Would Eric have liked it here? I wondered if it would have been what he’d expected, what he’d have wanted. I couldn’t picture him here, or anywhere like it. Not in this upper part, these neat rooms, with these neatly framed pictures all through the house. I could imagine him in the basement rooms, though. I could picture him under those pale lights, guitar in his lap, talking with Ben about how a song should sound. When the drums should come in. How the vocals should be mixed. I could picture him bent over a notebook, scribbling down lyrics, getting inspired by everything he talked about with Micah. He would have loved that part.
Someone made a noise in the kitchen behind me, and I turned around to see Bellamy standing there. He stood almost awkwardly, his arms crossed over his chest, hands cupping his elbows tightly. It should be unusual to see that on him, uncertainty in a man who made his living being as bold and loud and extroverted as humanly possible. But when he wasn’t on the stage, Bellamy was more reserved. This was his normal.

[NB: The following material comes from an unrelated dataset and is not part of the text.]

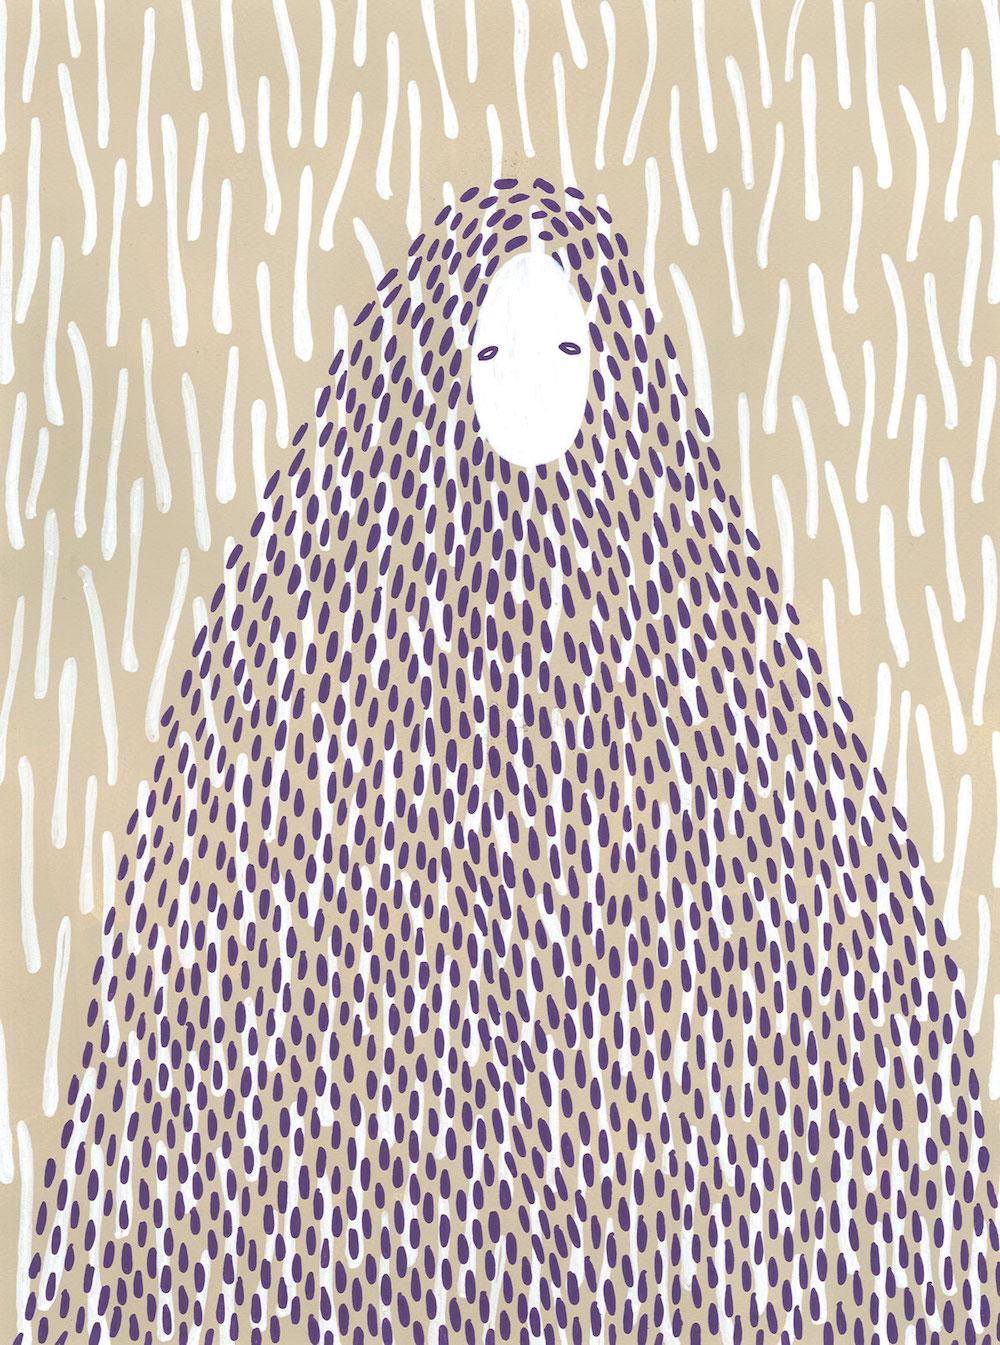 illustration, illustrations, illustrator, illustrators, cloak, cloaks, eyes, eye, lines, oval, droplet, droplets, grain, grains, beige, tan, sad

He still looked like something ethereal, standing in the golden evening light coming in through the window. All the blond highlights in his hair shone, and his skin glowed. He’d painted his nails a dark purple, almost black, and when he tapped the fingers of one hand against his elbow, the nails sparkled, the dull paint catching the sun. He would always look like a rock star, no matter what he did or how he dressed, or how introverted he got when he wasn’t in the public eye.